▶ Available data:

◆ ◆ ◆ ◆

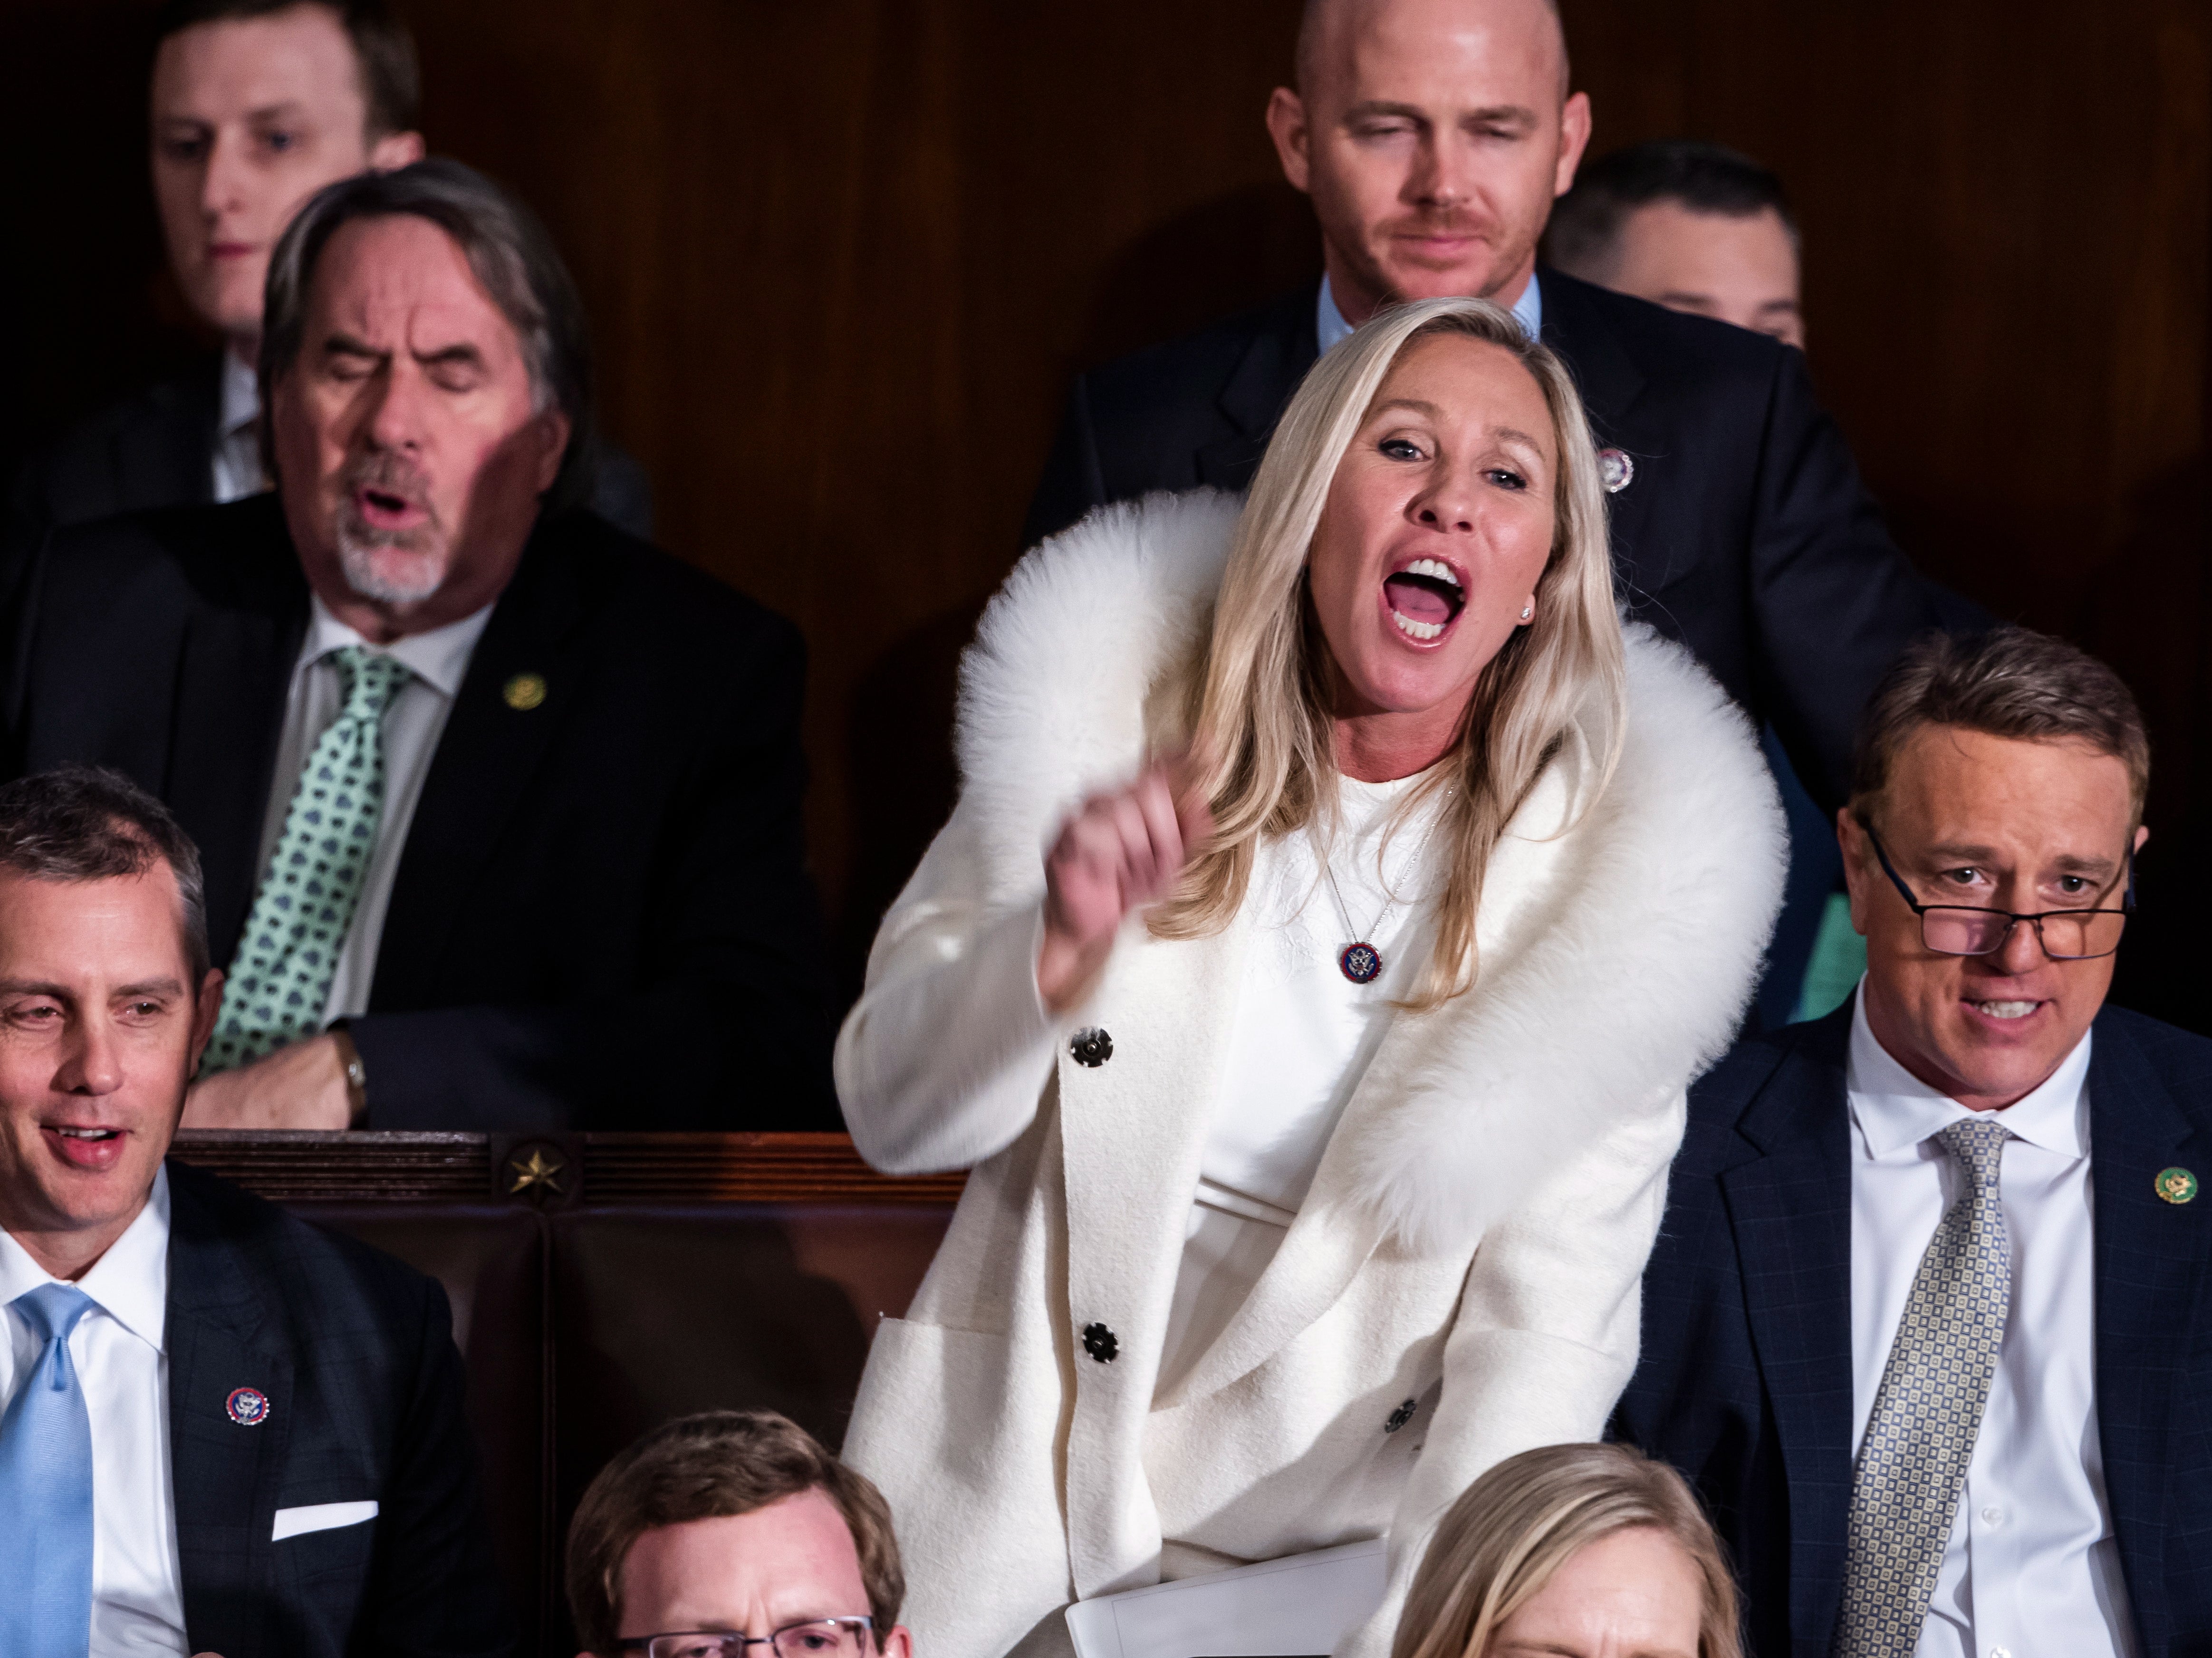 Georgia Republican Marjorie Taylor Greene heckles during Joe Biden’s State of the Union
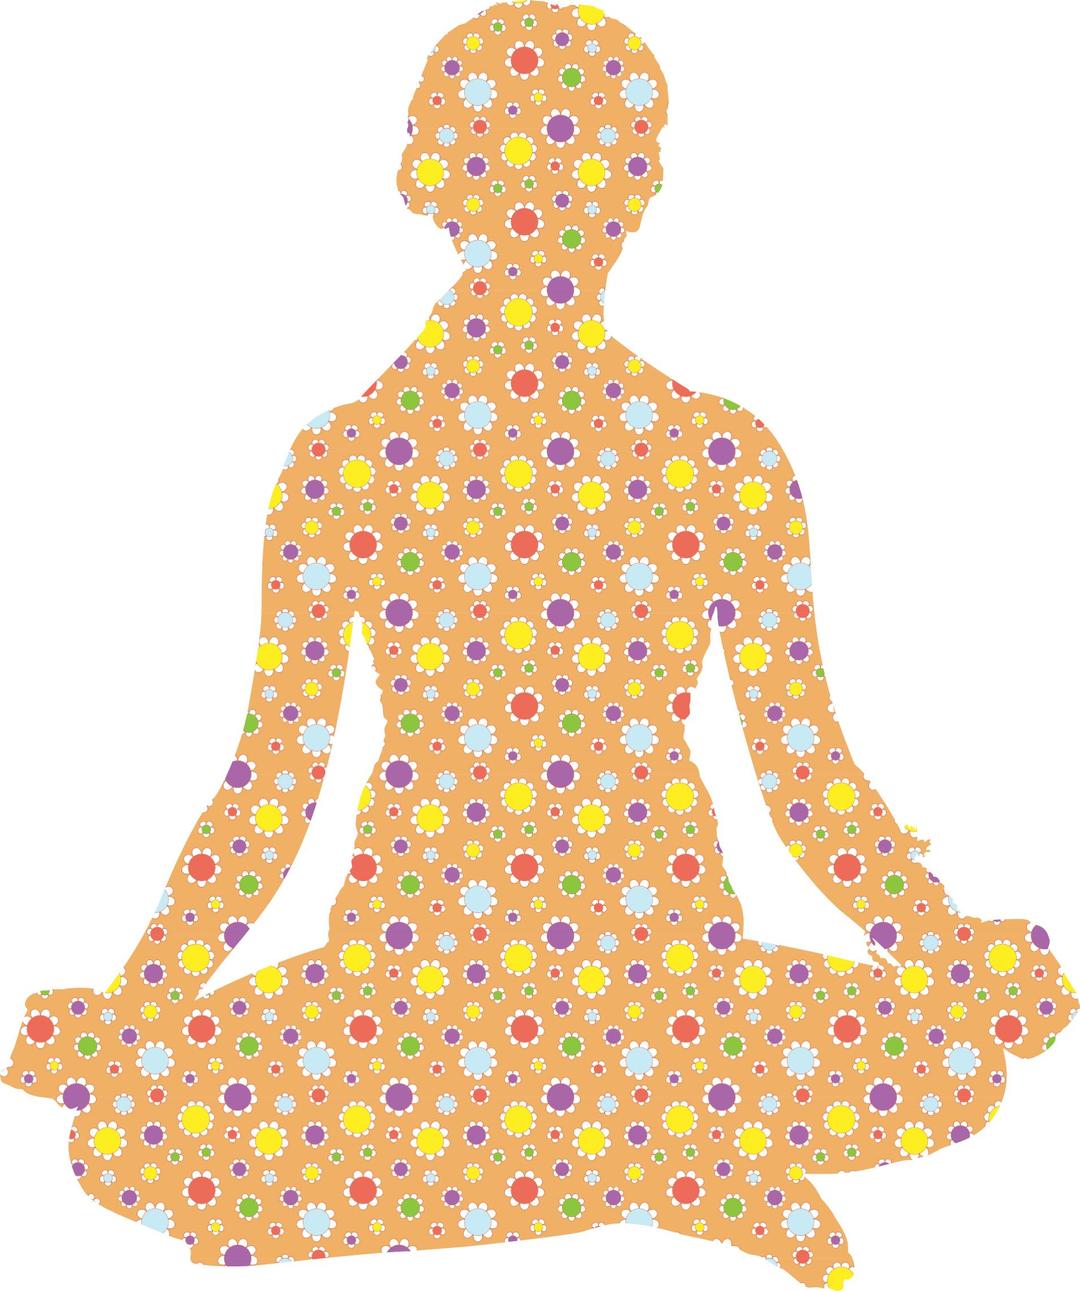 Cute Floral Female Yoga Pose Silhouette 7 png transparent
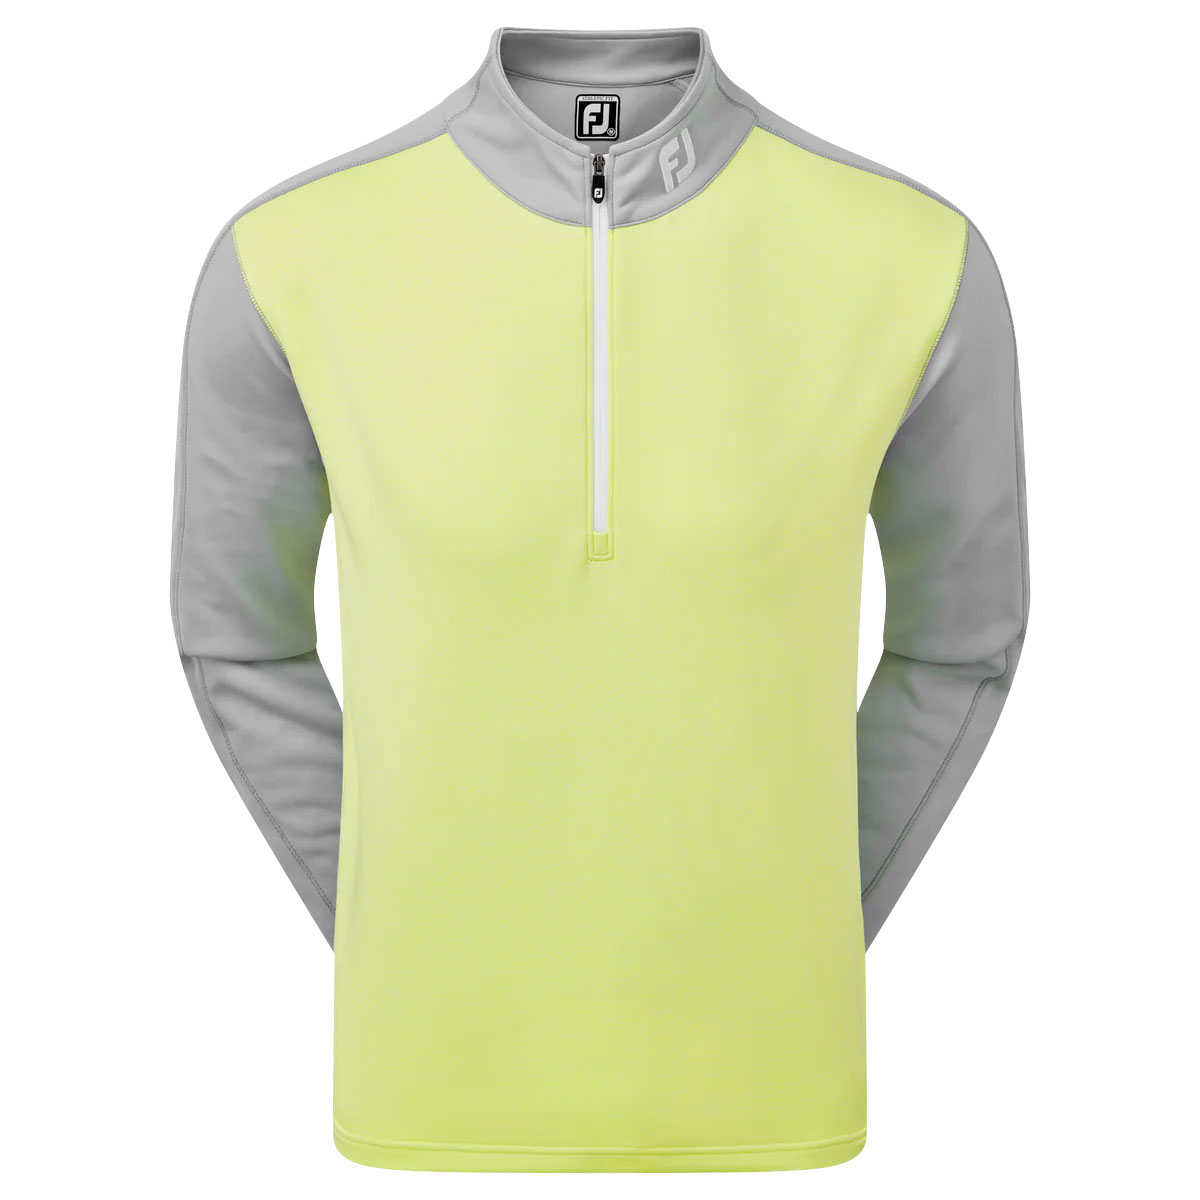 FootJoy Heather Colour Block Chill-Out Mens Golf Pullover  - Grey/Heather Lime

◆ ◆ ◆ ◆

▶ Your assignment: Return the complete material exactly as it appears, without images.

▶ Finished exercise:
 Georgia Republican Marjorie Taylor Greene heckles during Joe Biden’s State of the Union
 Cute Floral Female Yoga Pose Silhouette 7 png transparent
 FootJoy Heather Colour Block Chill-Out Mens Golf Pullover  - Grey/Heather Lime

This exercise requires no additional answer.